### About this task
From the entries below, transcribe exactly the lines between the line holding "An orange house with a blue sky" and the line holding "Agitated baby crying Stock Photo", inclusive; skip all other lines.

### Material to process
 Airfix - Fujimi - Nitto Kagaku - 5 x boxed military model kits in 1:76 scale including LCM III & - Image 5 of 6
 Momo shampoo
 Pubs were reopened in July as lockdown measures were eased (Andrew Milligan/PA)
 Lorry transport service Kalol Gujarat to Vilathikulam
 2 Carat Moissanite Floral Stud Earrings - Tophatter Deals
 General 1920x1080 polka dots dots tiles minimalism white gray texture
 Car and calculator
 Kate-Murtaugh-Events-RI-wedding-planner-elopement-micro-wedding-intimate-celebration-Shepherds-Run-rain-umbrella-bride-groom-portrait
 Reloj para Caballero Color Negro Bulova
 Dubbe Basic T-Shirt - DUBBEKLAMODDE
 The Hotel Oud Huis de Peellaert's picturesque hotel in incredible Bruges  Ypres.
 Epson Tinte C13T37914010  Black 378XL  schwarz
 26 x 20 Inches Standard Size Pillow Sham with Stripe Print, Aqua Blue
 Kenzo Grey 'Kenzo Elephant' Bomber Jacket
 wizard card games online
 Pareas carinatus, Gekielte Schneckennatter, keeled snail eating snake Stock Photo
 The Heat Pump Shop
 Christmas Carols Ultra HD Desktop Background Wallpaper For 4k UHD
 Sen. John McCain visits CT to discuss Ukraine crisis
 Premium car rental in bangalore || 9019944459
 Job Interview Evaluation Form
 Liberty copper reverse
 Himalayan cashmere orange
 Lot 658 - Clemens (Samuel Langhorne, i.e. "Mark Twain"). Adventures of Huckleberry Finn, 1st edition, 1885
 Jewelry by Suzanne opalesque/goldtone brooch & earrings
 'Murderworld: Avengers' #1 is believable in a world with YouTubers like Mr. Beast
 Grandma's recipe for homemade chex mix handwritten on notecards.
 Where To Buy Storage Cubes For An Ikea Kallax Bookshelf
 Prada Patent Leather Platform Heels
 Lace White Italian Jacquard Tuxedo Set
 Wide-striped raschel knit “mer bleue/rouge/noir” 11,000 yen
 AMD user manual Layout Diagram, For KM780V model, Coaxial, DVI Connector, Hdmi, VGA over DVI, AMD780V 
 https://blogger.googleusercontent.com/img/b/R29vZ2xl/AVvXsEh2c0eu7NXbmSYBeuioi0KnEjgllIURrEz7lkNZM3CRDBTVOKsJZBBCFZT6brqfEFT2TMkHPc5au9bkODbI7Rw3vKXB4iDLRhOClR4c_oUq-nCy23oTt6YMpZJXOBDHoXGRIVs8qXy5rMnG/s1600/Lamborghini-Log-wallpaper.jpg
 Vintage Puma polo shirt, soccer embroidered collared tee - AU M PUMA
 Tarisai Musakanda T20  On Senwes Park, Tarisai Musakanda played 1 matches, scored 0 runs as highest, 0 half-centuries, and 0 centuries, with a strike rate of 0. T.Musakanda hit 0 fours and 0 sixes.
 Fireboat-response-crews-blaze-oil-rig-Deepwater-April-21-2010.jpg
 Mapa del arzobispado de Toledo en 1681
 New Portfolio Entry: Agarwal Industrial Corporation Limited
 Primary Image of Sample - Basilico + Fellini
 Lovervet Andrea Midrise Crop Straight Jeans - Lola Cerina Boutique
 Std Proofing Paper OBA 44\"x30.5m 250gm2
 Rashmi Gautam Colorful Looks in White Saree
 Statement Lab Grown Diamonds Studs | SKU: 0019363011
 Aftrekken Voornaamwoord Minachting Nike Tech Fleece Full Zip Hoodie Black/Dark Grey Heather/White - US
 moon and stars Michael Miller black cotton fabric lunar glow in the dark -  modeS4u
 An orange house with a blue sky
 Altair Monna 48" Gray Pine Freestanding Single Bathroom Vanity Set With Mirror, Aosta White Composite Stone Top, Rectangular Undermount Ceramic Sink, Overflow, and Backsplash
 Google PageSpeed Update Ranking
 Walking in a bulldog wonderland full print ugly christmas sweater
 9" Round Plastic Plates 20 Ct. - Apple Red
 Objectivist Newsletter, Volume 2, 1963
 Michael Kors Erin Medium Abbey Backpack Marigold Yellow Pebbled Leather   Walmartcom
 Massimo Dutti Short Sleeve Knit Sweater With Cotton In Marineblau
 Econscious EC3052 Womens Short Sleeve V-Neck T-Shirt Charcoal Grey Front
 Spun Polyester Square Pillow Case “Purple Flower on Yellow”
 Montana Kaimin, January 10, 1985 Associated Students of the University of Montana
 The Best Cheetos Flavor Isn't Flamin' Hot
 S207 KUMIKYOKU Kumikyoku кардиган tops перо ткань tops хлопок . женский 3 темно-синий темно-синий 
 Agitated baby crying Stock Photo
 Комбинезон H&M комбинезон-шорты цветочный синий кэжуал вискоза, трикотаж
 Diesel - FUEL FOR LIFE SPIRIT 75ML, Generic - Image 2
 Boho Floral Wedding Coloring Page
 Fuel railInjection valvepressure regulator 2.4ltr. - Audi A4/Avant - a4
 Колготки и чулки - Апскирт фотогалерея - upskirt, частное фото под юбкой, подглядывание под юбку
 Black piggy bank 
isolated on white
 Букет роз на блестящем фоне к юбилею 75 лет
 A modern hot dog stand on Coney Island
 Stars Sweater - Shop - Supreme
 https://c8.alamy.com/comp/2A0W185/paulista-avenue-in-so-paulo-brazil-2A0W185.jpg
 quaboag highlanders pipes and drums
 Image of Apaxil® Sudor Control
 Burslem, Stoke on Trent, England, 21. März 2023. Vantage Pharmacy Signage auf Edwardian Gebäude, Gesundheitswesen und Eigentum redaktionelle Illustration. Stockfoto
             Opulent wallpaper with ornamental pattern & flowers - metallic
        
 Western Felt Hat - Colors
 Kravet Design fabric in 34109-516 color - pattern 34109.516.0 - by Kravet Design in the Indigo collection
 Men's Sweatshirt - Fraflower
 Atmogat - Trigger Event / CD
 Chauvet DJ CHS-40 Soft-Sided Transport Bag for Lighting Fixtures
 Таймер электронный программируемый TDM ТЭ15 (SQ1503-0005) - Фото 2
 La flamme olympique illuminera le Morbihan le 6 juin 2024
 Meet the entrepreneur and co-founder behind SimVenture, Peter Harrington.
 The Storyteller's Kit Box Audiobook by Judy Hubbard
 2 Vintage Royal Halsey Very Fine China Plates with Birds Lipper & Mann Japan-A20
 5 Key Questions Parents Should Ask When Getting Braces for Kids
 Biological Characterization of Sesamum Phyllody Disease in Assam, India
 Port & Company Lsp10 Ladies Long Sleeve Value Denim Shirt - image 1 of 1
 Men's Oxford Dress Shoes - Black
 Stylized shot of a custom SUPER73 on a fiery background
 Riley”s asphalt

### Your response
 An orange house with a blue sky
 Altair Monna 48" Gray Pine Freestanding Single Bathroom Vanity Set With Mirror, Aosta White Composite Stone Top, Rectangular Undermount Ceramic Sink, Overflow, and Backsplash
 Google PageSpeed Update Ranking
 Walking in a bulldog wonderland full print ugly christmas sweater
 9" Round Plastic Plates 20 Ct. - Apple Red
 Objectivist Newsletter, Volume 2, 1963
 Michael Kors Erin Medium Abbey Backpack Marigold Yellow Pebbled Leather   Walmartcom
 Massimo Dutti Short Sleeve Knit Sweater With Cotton In Marineblau
 Econscious EC3052 Womens Short Sleeve V-Neck T-Shirt Charcoal Grey Front
 Spun Polyester Square Pillow Case “Purple Flower on Yellow”
 Montana Kaimin, January 10, 1985 Associated Students of the University of Montana
 The Best Cheetos Flavor Isn't Flamin' Hot
 S207 KUMIKYOKU Kumikyoku кардиган tops перо ткань tops хлопок . женский 3 темно-синий темно-синий 
 Agitated baby crying Stock Photo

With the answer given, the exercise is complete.